Furthermore, there is a need for further investigation of the assets and challenges that young athletes and their families bring to the sport experience. A comprehensive set of both positive and negative outcomes associated with sport participation must also be considered, for only then will we be able to conclude whether the positive impacts of sport participation outweigh the negative ones. In addition, this research can help identify areas to target in order to improve the quality of the sport experience. For example, if sport has a positive impact on constructs such as self-concept and self-regulation, yet is also associated with increased alcohol use, there may be areas to address within the sport structure or culture to enhance the benefits of sport and reduce the risks.
Finally, while this scoping review generally supports (with noted limitations considered) a positive link between sport participation and positive self-concept, self-control, and pro-social outcomes like teamwork and loyalty, it remains to be seen whether these factors actually mediate the association between sport participation and alcohol and drug use. More focused work testing these pathways is required. Indeed, the inter-relationships among these factors are likely to be complex.
Conclusions
The goal of the scoping review was to assess whether sport participation is related to psychological and social factors relevant to youth alcohol and drug use. A related goal was to assess whether this relationship varied based on the quality of youths’ sport experience. Results indicated that sport participation is related to self-esteem, self-regulation, life skills, and pro-social behaviour. The heterogeneity across studies suggests a convergence in results supporting the general hypothesis that sport is associated with positive psychological and social development. At the same time, we think caution is warranted in drawing conclusions from the body of literature, as it is difficult to make definitive statements about replication of results across time, context, and outcome. Furthermore, only a few studies appear to consider possible negative social and psychological outcomes associated with sport, suggesting a potential positive reporting bias. Although there was an indication in the literature that the sport context influenced youth outcomes, no research provided a clear definition of a quality sport experience.

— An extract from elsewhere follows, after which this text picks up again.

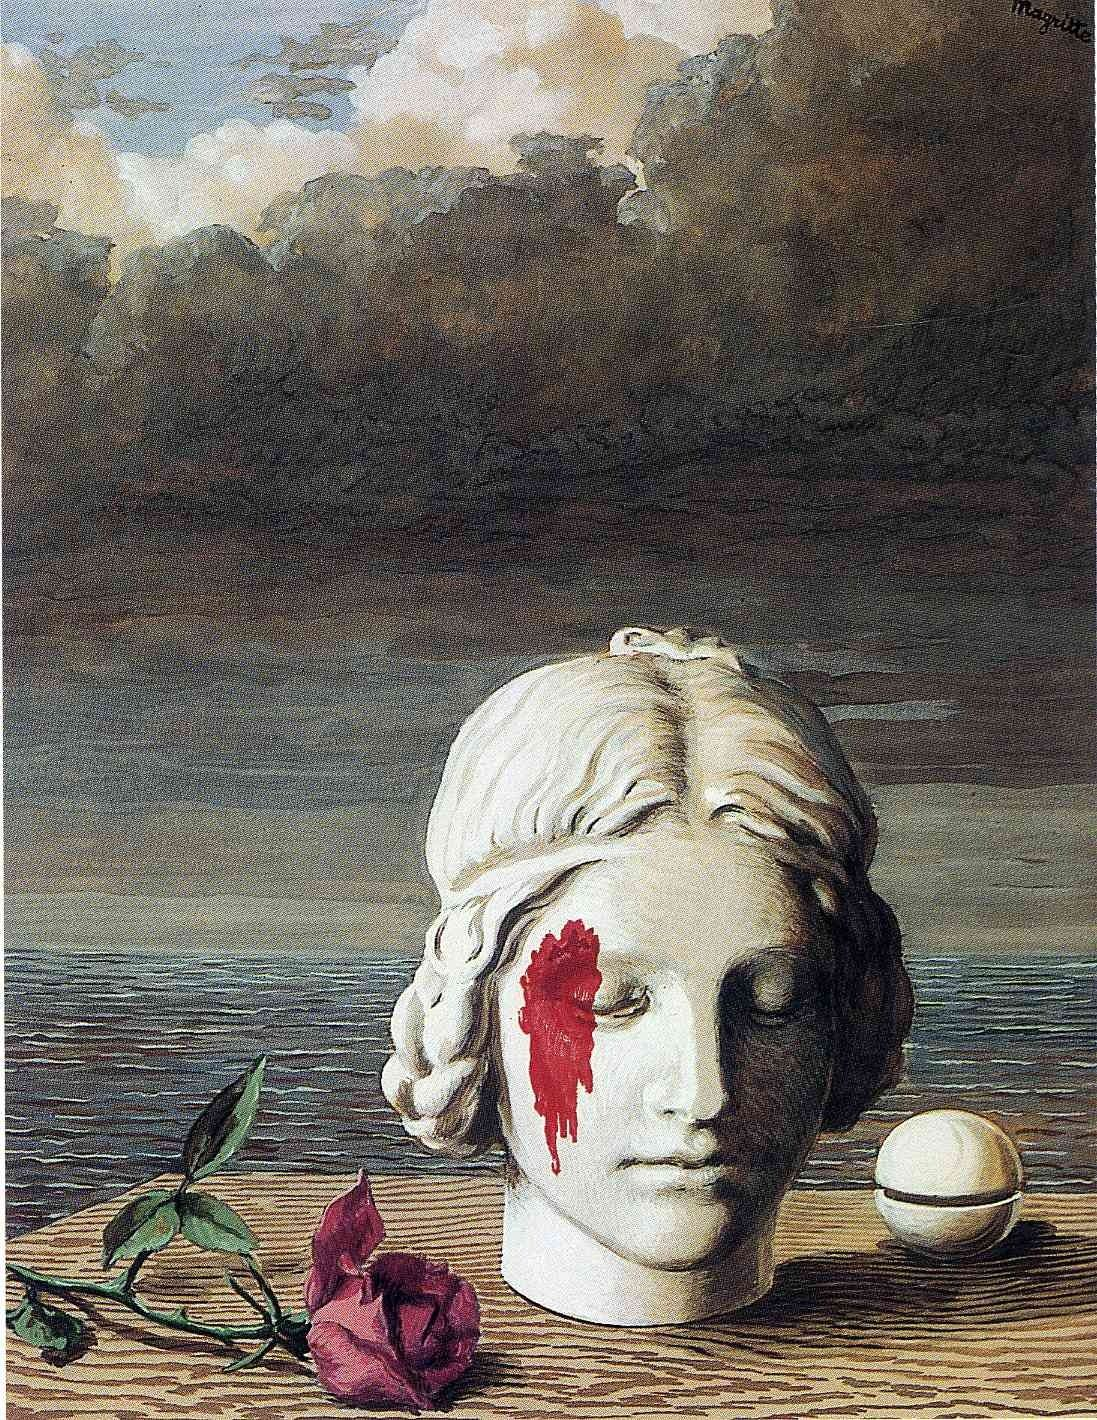 Rene Magritte-La belle saison-2013 Poster

The psychological and social factors identified in this review might mediate the relationship between sport participation and alcohol and drug use among youth. Yet these factors also appear to be insufficient to fully understand the likely multiple connections between sport participation and alcohol and drug use. Future research examining the impact of the sport context on youth developmental outcomes, including alcohol use, other drug use, and psychological and social factors, is needed. The connections among these factors in specific relation to alcohol and other drug use remain a critical focus for future research.
Disclosure statement
No potential conflict of interest was reported by the authors.
Funding Statement
This work was supported by the Canadian Centre on Substance Abuse.